Light: feeding through zooxanthellae

Most reef corals host symbiotic dinoflagellates called zooxanthellae (Symbiodinium) in their tissue. These algae photosynthesise and pass sugars, glycerol, amino acids and other compounds to the coral, supplying a large share of its energy, by some accounts up to around 85 percent in well-lit photosynthetic corals. For these corals, appropriate lighting is itself a form of feeding, and many can survive on light alone, though feeding improves growth and colour.

Heterotrophic feeding

Corals also feed directly, capturing zooplankton, phytoplankton, bacteria, detritus and dissolved organic matter with their tentacles and stinging cells. Most corals do this at night, when they expand their tissue and extend their feeding polyps. This captured food supplies nutrients, especially the amino acids and fatty acids used for tissue and pigment, that photosynthesis alone may not fully cover.

Feeding by coral type

  • LPS (large-polyp stony) corals: have large polyps and tentacles and take meaty foods such as mysis shrimp and sinking pellets, often target-fed.
  • SPS (small-polyp stony) corals: have tiny polyps and use very fine foods such as phytoplankton, rotifers and amino acids, usually broadcast into the water.
  • Soft corals: many absorb dissolved nutrients and take fine particulate 'marine snow' and detritus from the water column.
  • Non-photosynthetic (NPS) corals: lack zooxanthellae and depend entirely on captured food.

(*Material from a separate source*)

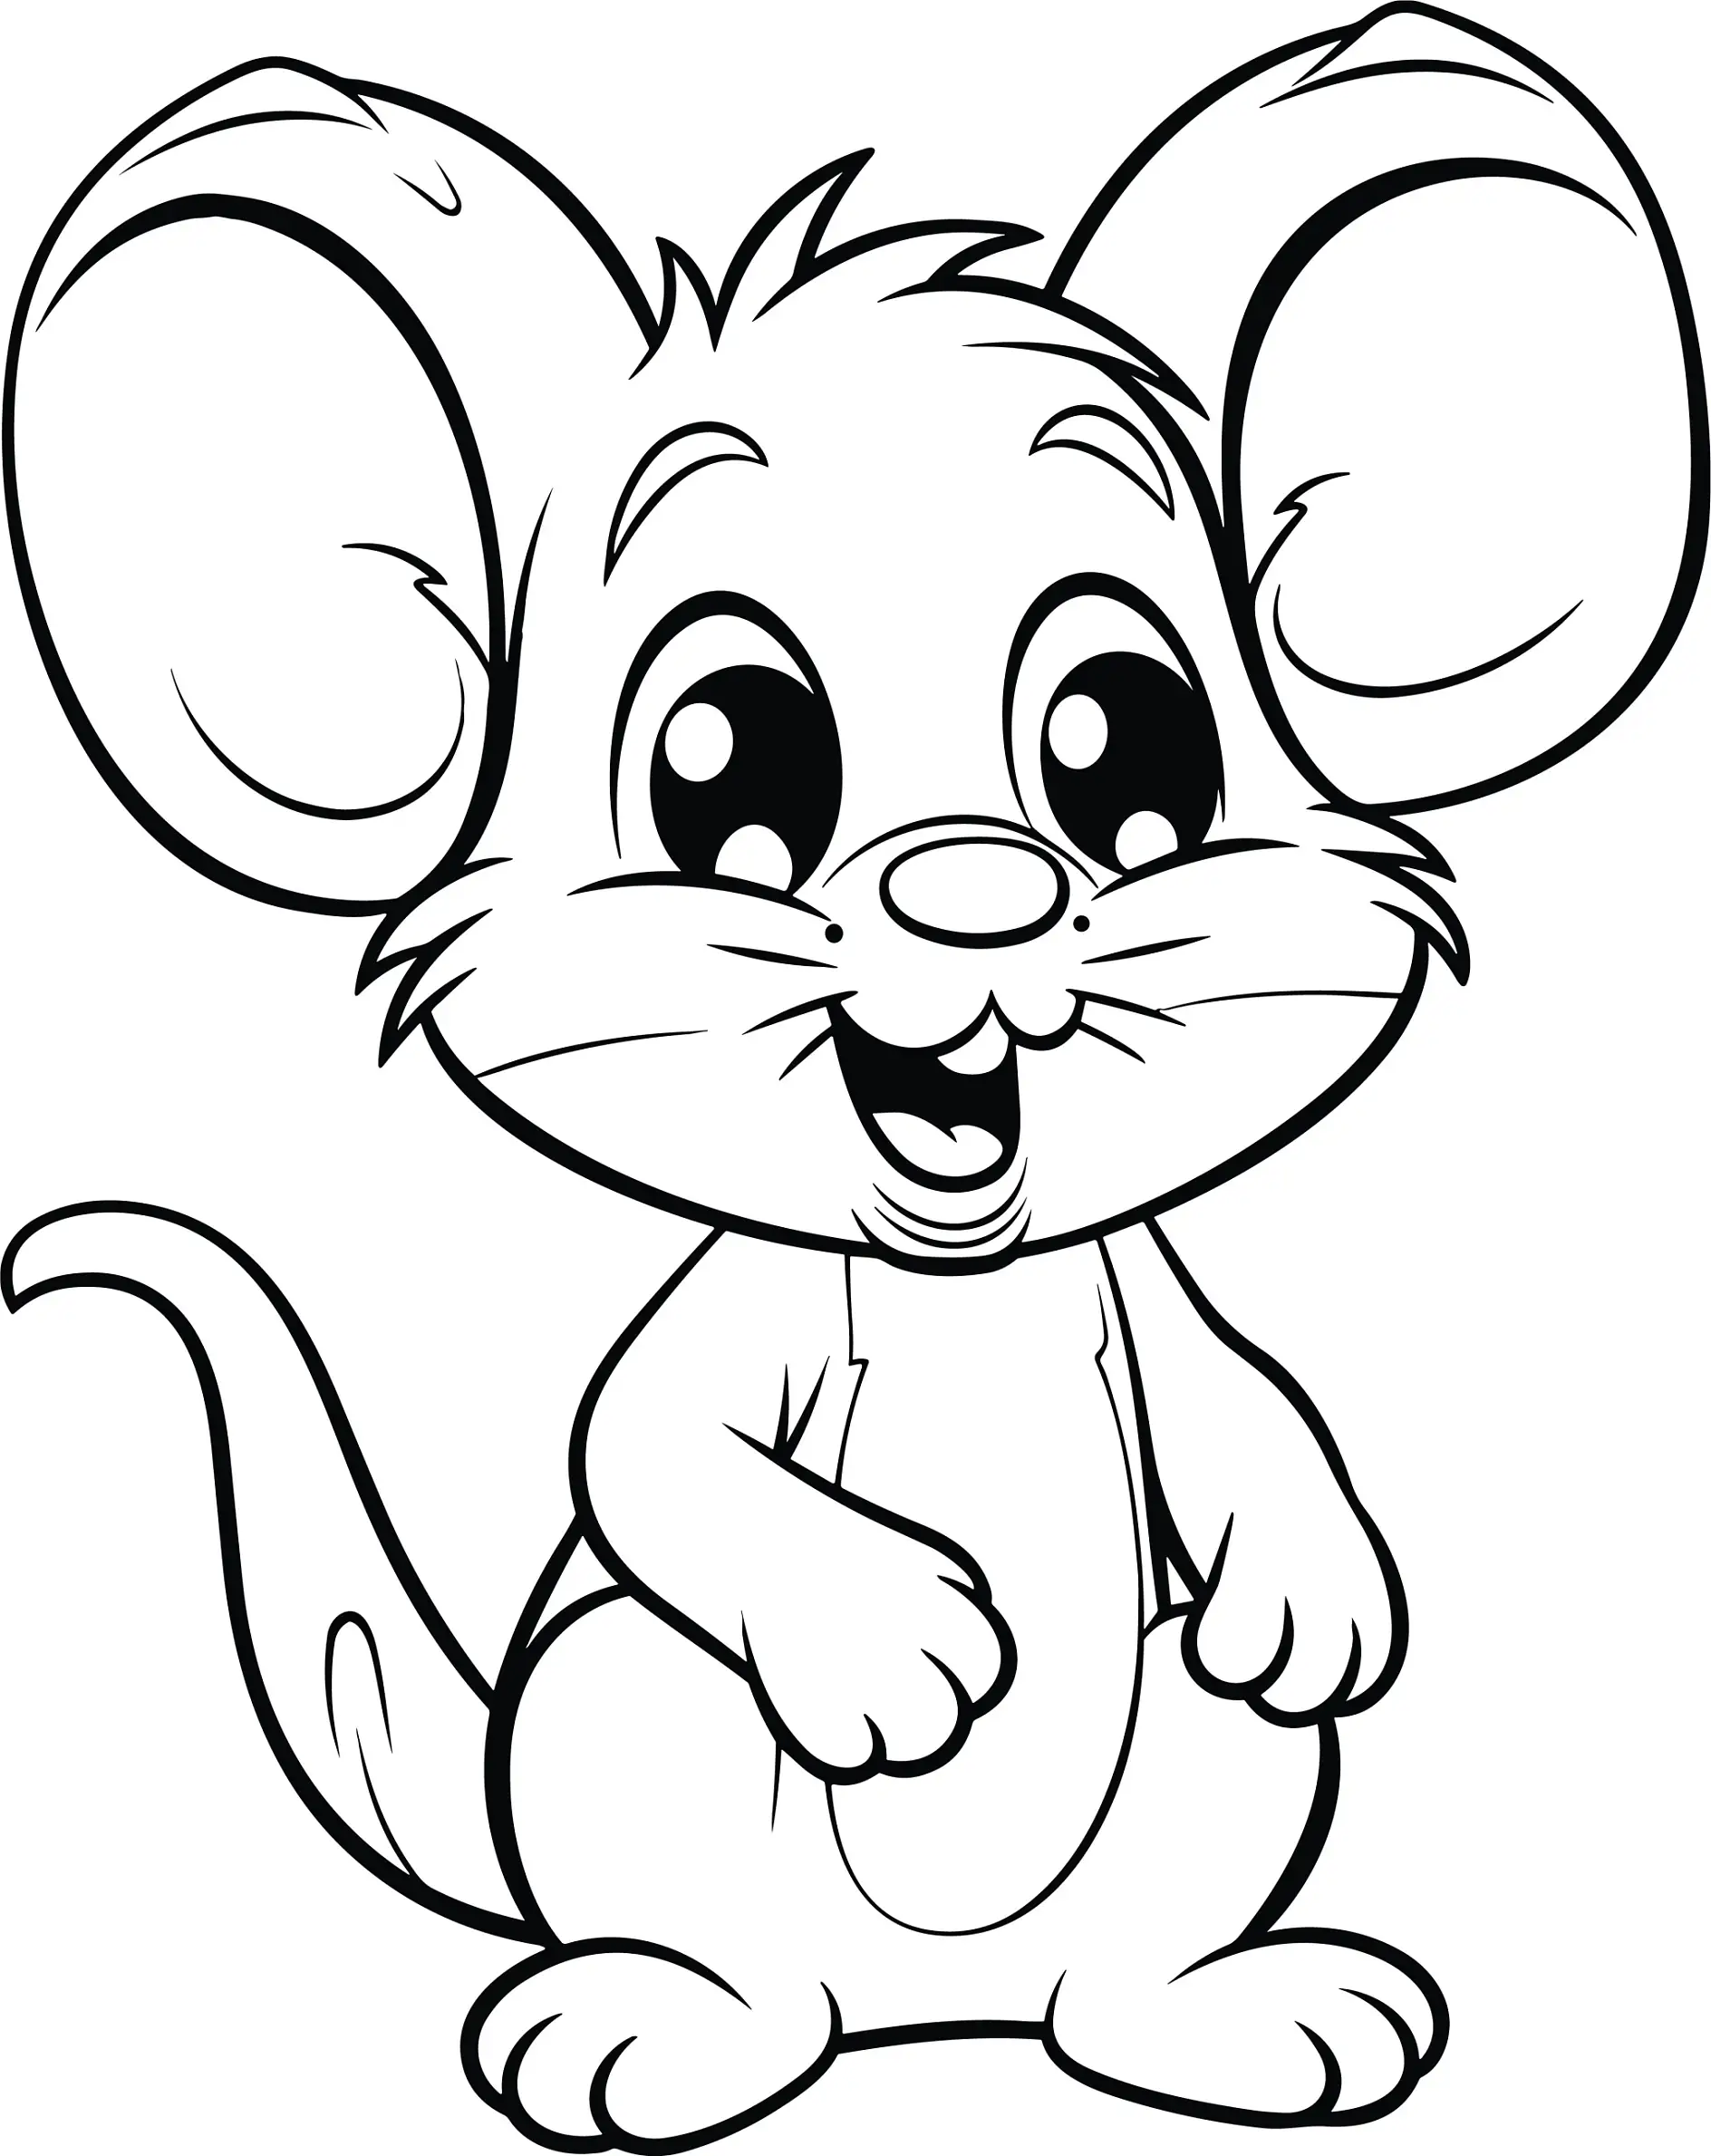 Ausmalbild Maus aufrecht stehend mit lächelndem Gesicht

Broadcast versus target feeding

Broadcast feeding adds food to the water column so corals catch it in the flow; it suits SPS and filter-feeding soft corals. Target feeding delivers food directly onto a coral's polyps, usually with the flow turned down so the food is not swept away, and suits large-polyp corals and especially non-photosynthetic species such as sun corals (Tubastraea), which must have each polyp fed. A feeding response, the extension of polyps and tentacles, shows the coral is ready to eat.

How much and overfeeding

Feeding should be matched to what the corals actually take. Any food not eaten breaks down and raises nutrients, which can fuel nuisance algae, cyanobacteria and pest organisms, and degrade water quality. The usual approach is to feed modest amounts a few times a week for photosynthetic corals and more often for non-photosynthetic ones, while watching nutrient levels and adjusting.